STORED DATA>
== Segment start ==

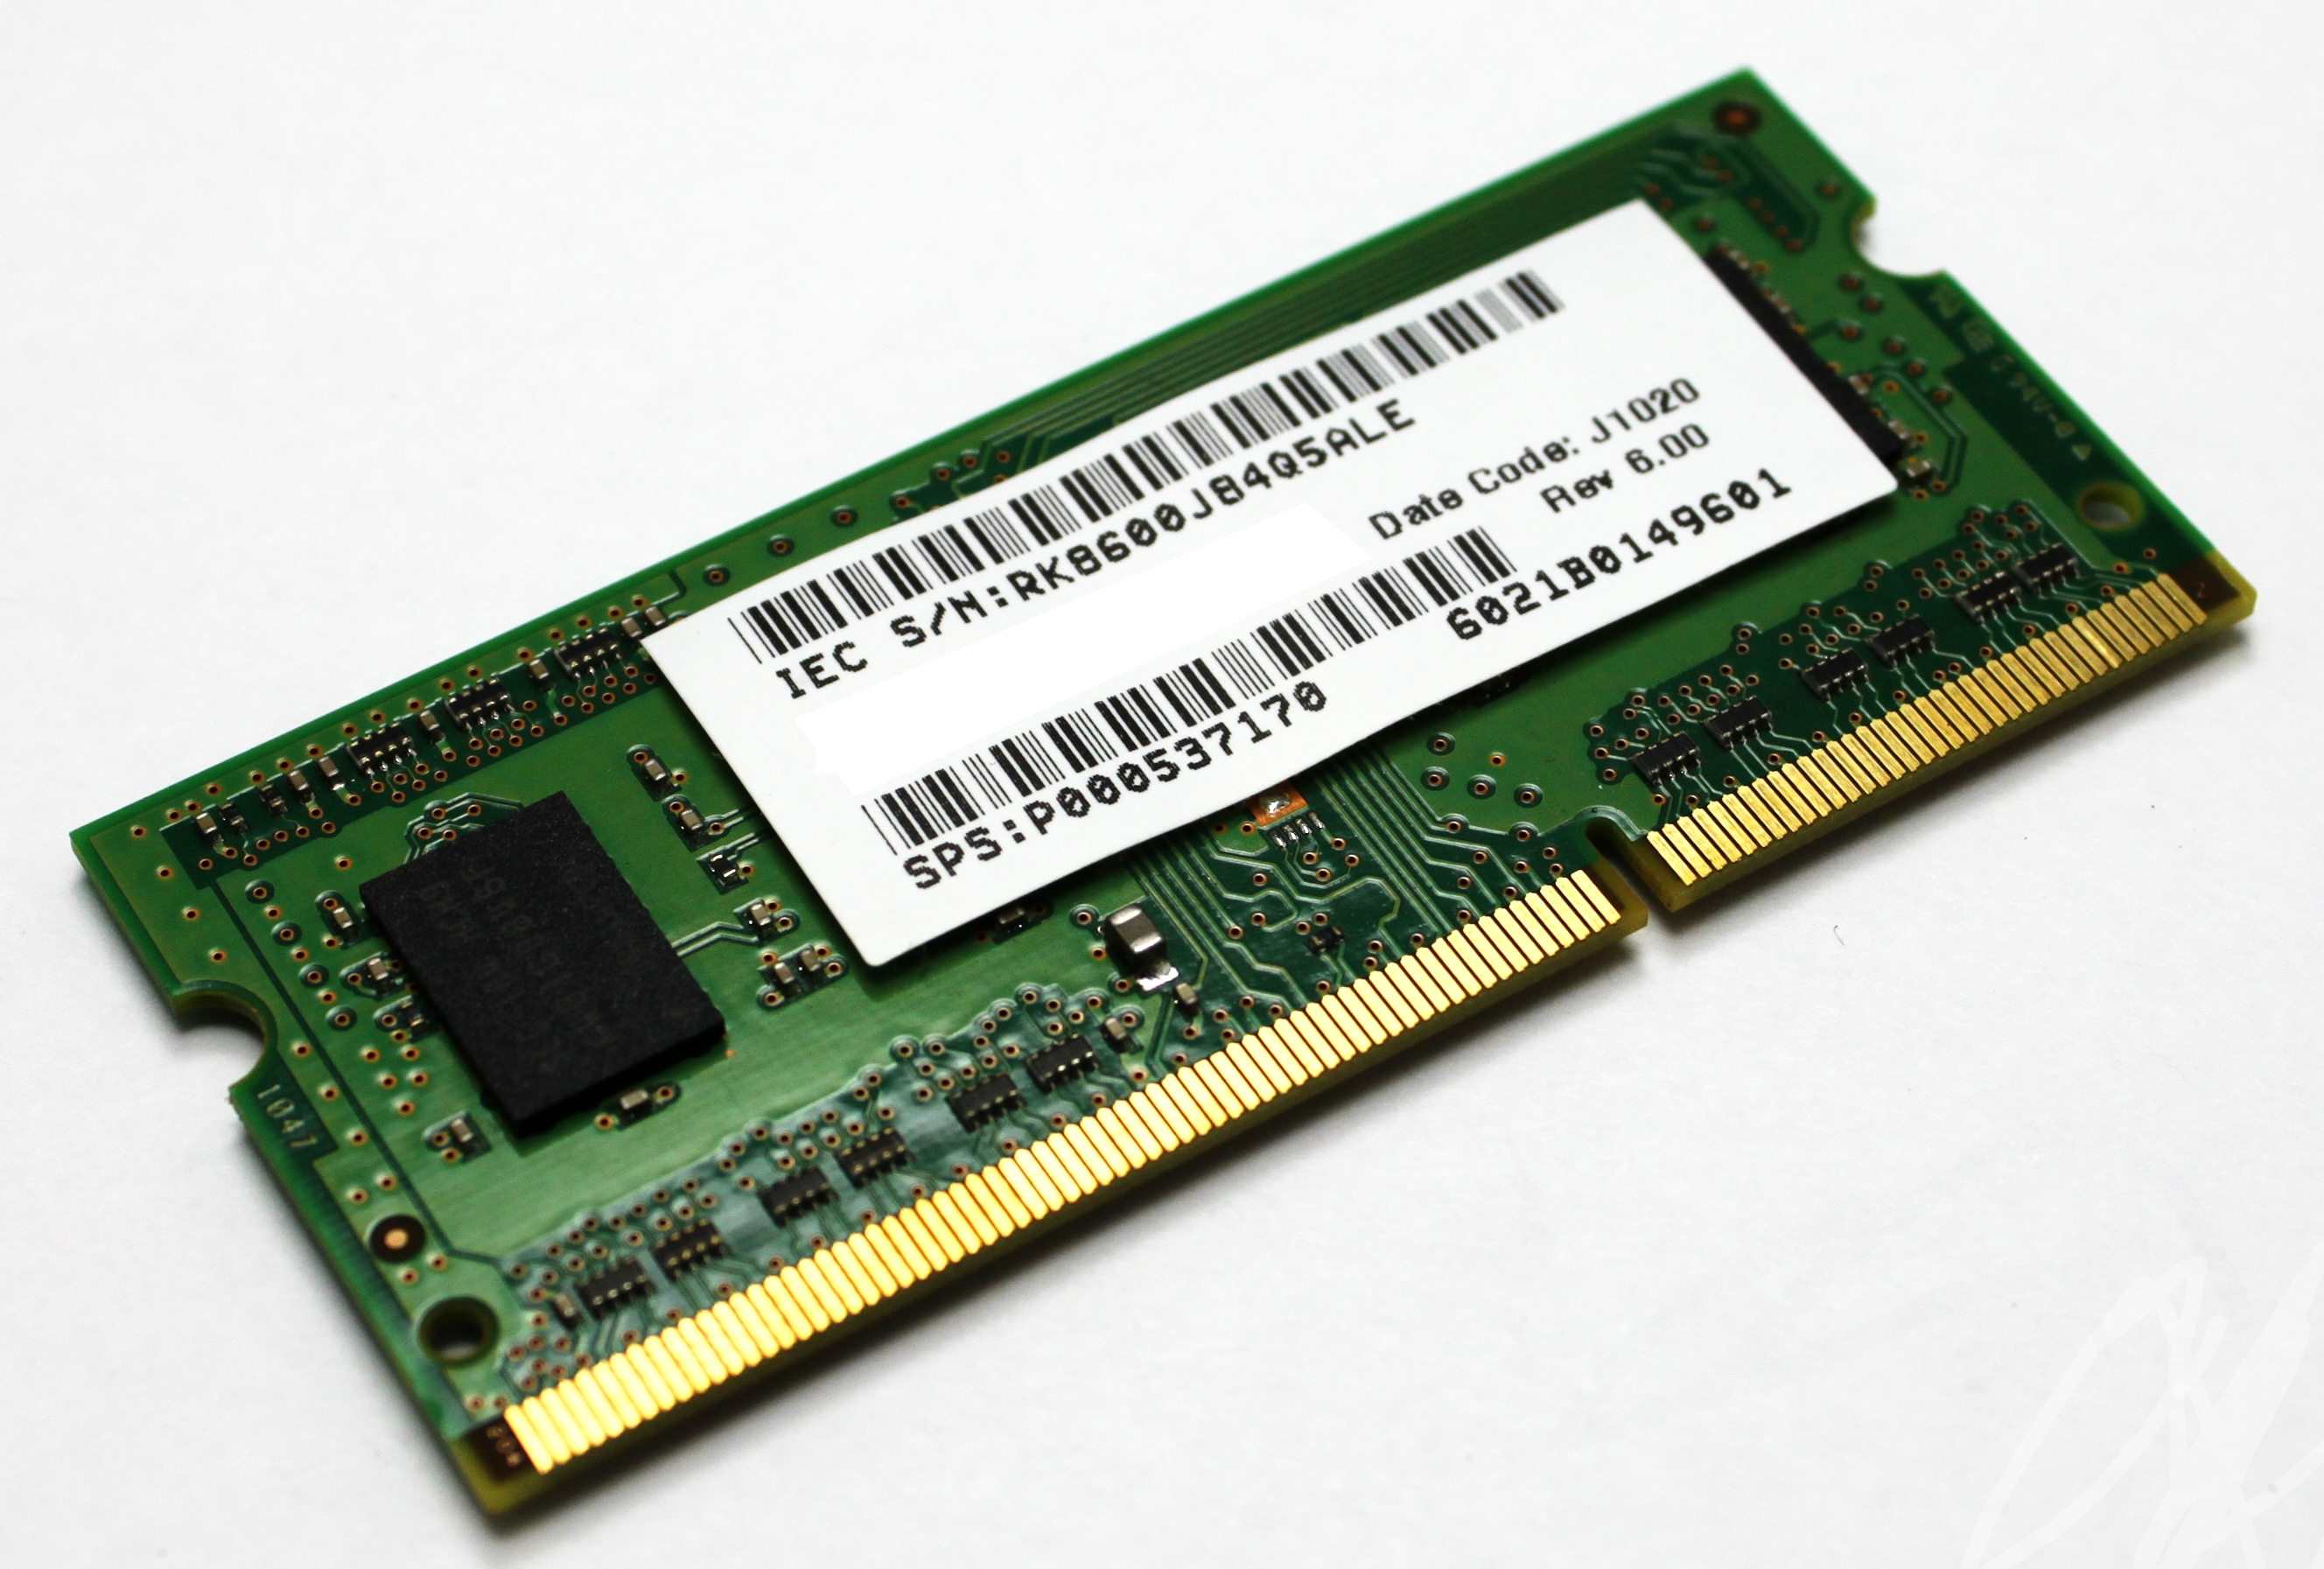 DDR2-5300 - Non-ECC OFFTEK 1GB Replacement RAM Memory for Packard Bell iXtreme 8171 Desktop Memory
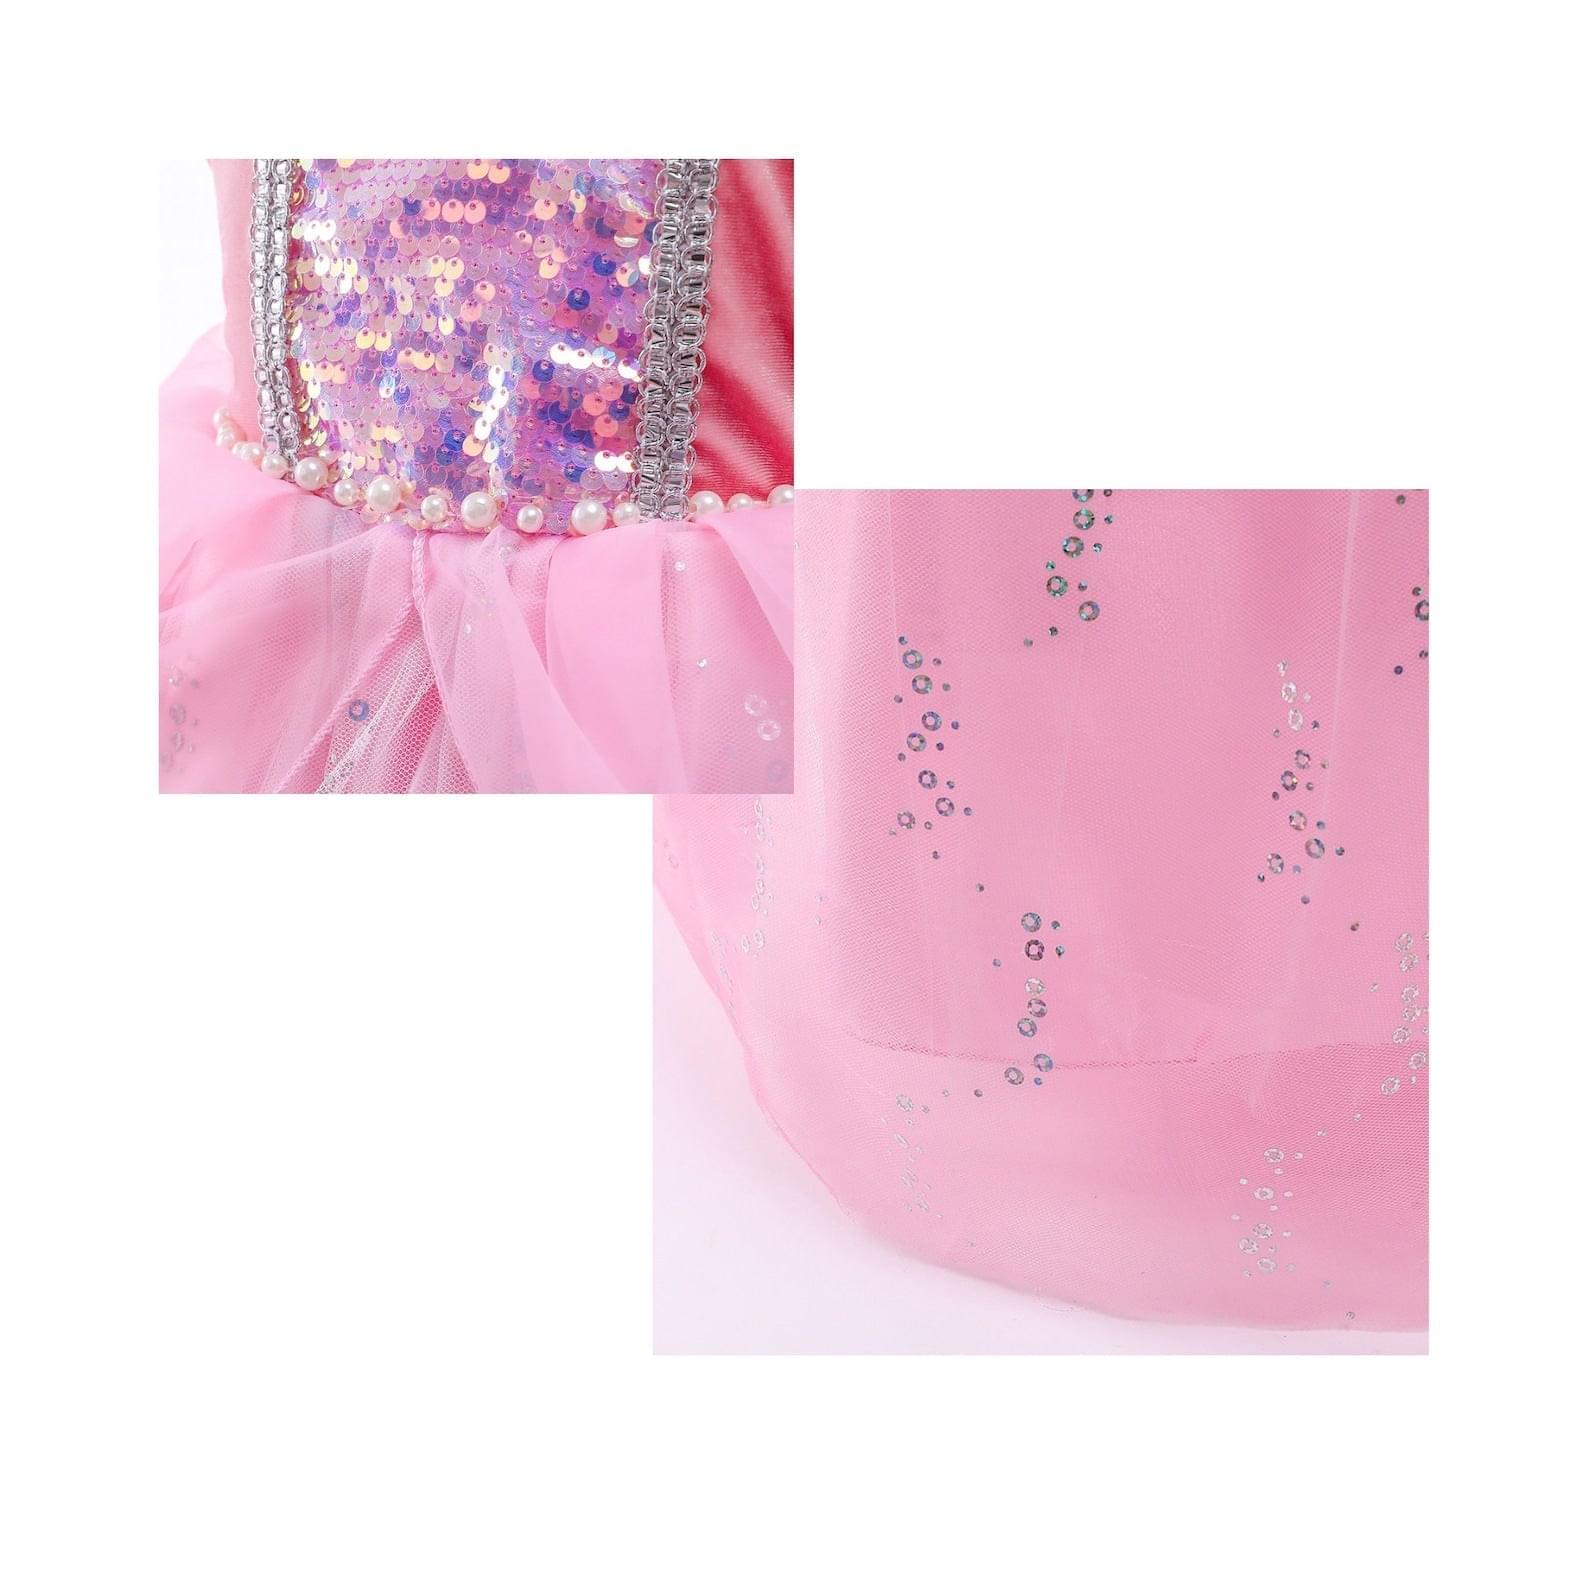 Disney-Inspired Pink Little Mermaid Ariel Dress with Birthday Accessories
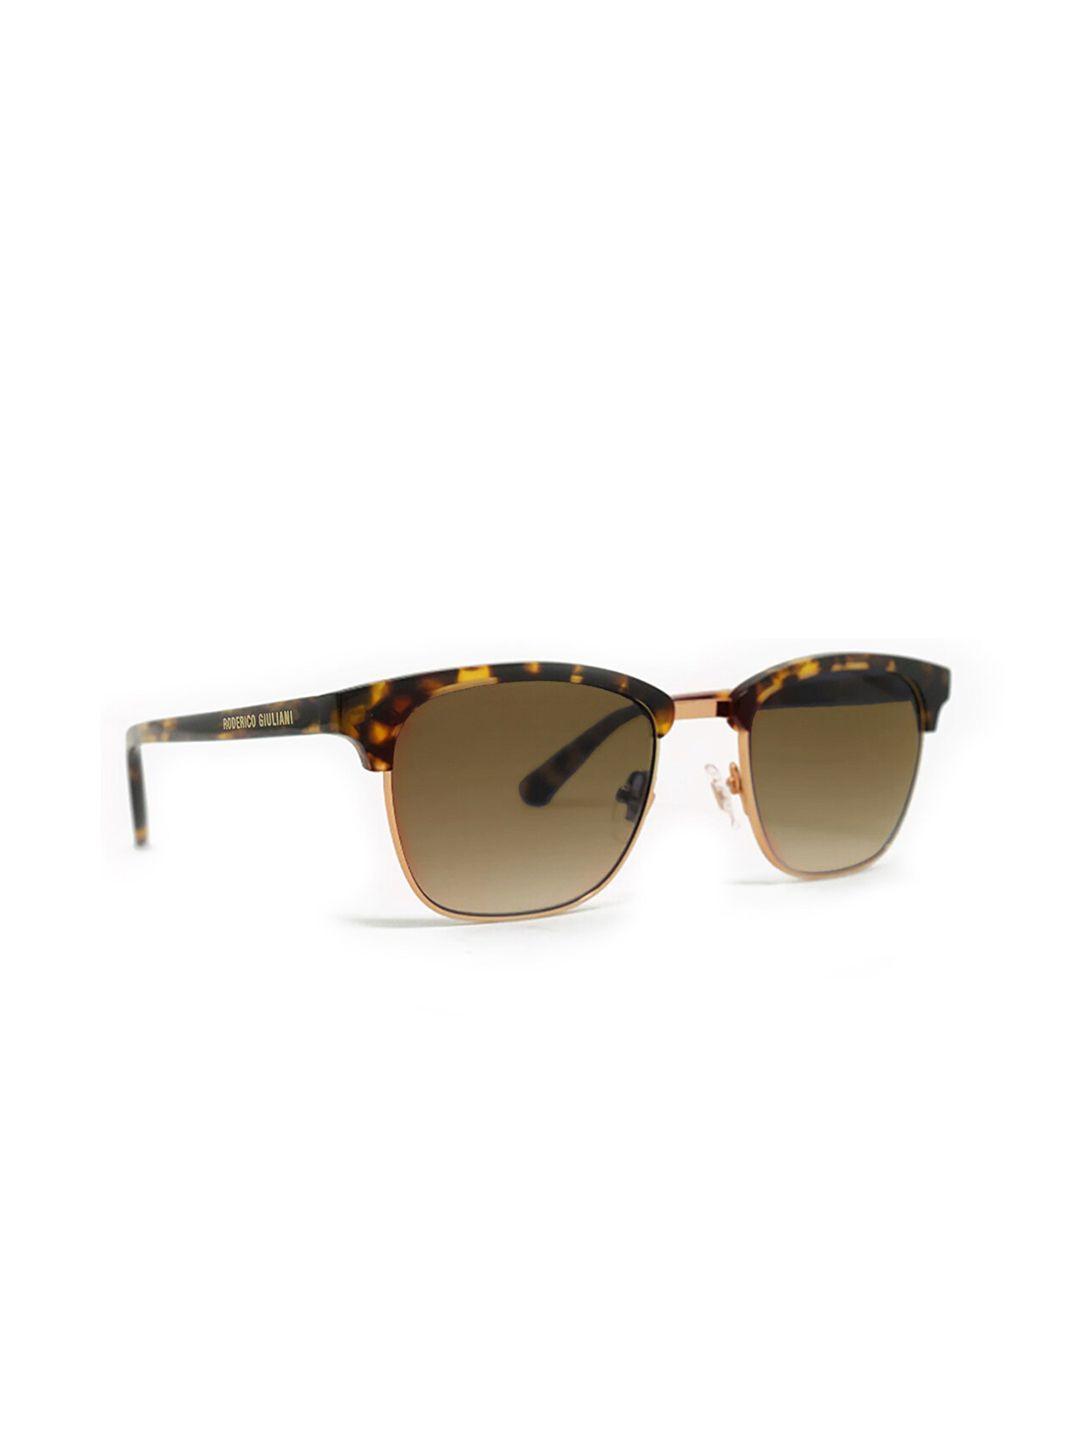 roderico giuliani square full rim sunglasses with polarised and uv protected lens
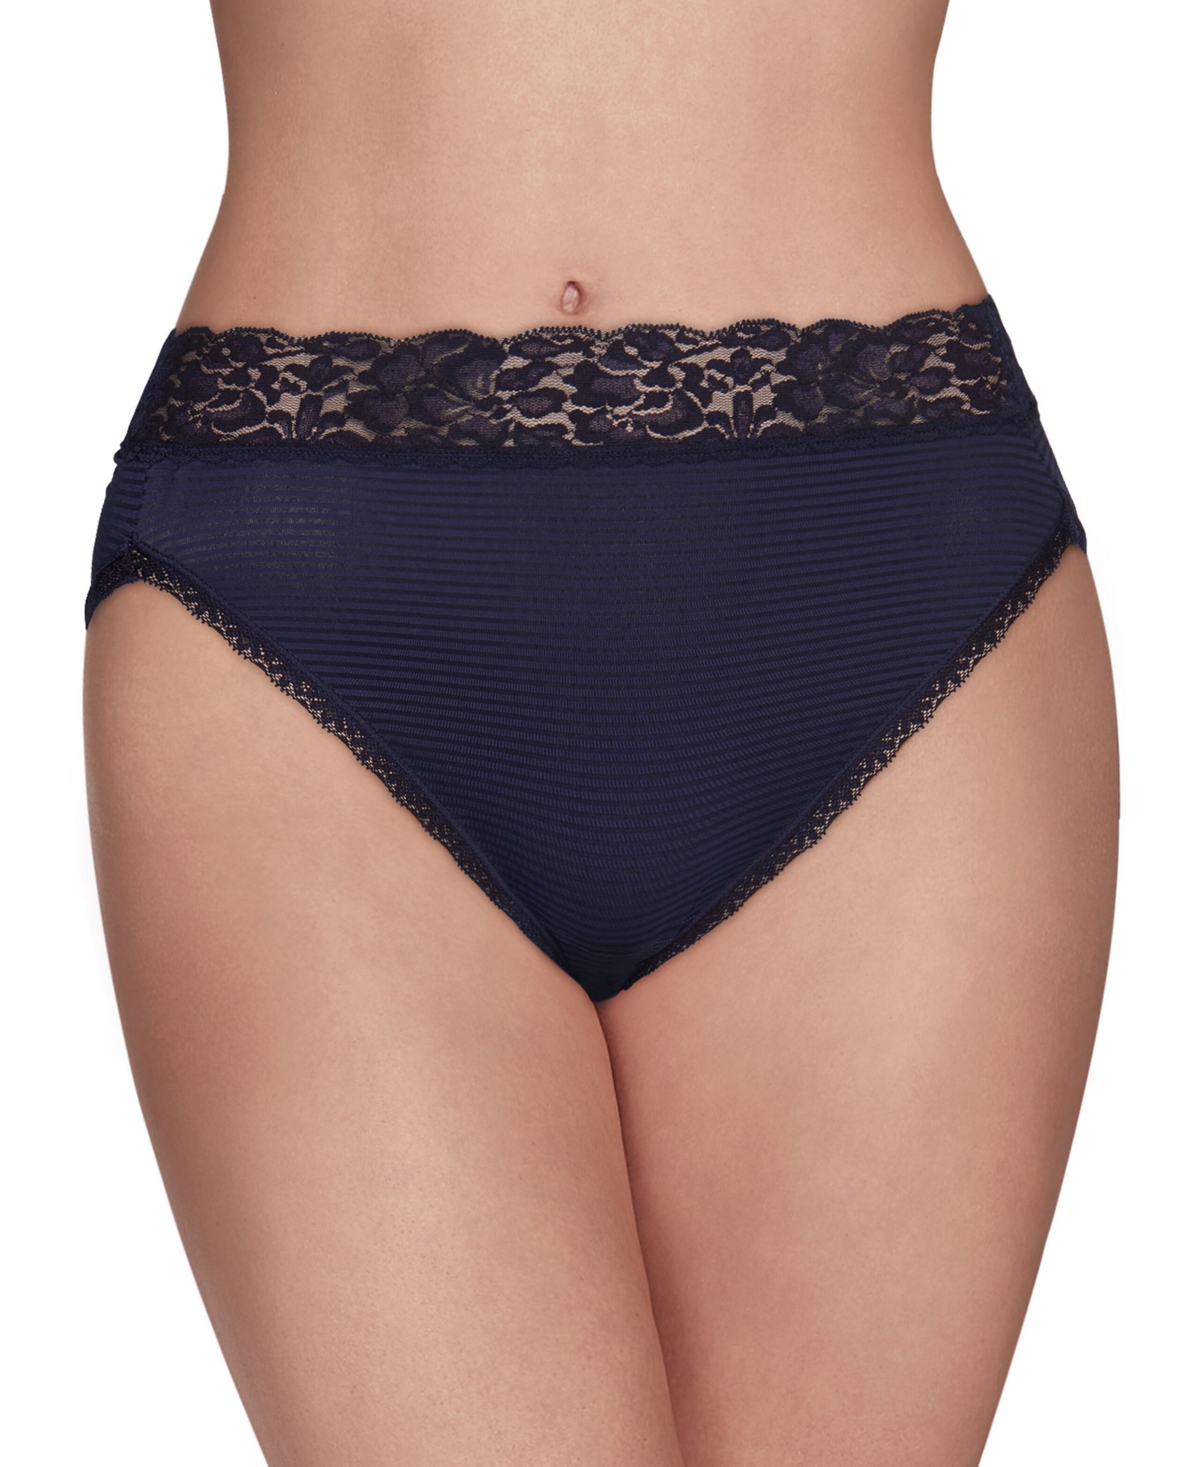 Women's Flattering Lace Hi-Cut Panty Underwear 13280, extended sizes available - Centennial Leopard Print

== Segment end ==

BRIEF> Could you repeat all of the data exactly, minus the pictures?

FINAL ANSWER>
 DDR2-5300 - Non-ECC OFFTEK 1GB Replacement RAM Memory for Packard Bell iXtreme 8171 Desktop Memory
 Disney-Inspired Pink Little Mermaid Ariel Dress with Birthday Accessories
 roderico giuliani square full rim sunglasses with polarised and uv protected lens
 Women's Flattering Lace Hi-Cut Panty Underwear 13280, extended sizes available - Centennial Leopard Print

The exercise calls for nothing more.